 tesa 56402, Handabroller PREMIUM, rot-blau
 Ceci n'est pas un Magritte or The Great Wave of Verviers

...

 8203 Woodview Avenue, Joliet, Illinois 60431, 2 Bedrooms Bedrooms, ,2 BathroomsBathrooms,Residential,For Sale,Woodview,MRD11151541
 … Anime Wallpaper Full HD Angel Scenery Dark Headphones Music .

▶ Your objective
Taking the line with "8203 Woodview Avenue, Joliet, Illinois" as the first and the line with "Headphones Music ." as the last, retype that stretch of the data above exactly, with no other lines.

▶ Exercise result
 8203 Woodview Avenue, Joliet, Illinois 60431, 2 Bedrooms Bedrooms, ,2 BathroomsBathrooms,Residential,For Sale,Woodview,MRD11151541
 … Anime Wallpaper Full HD Angel Scenery Dark Headphones Music .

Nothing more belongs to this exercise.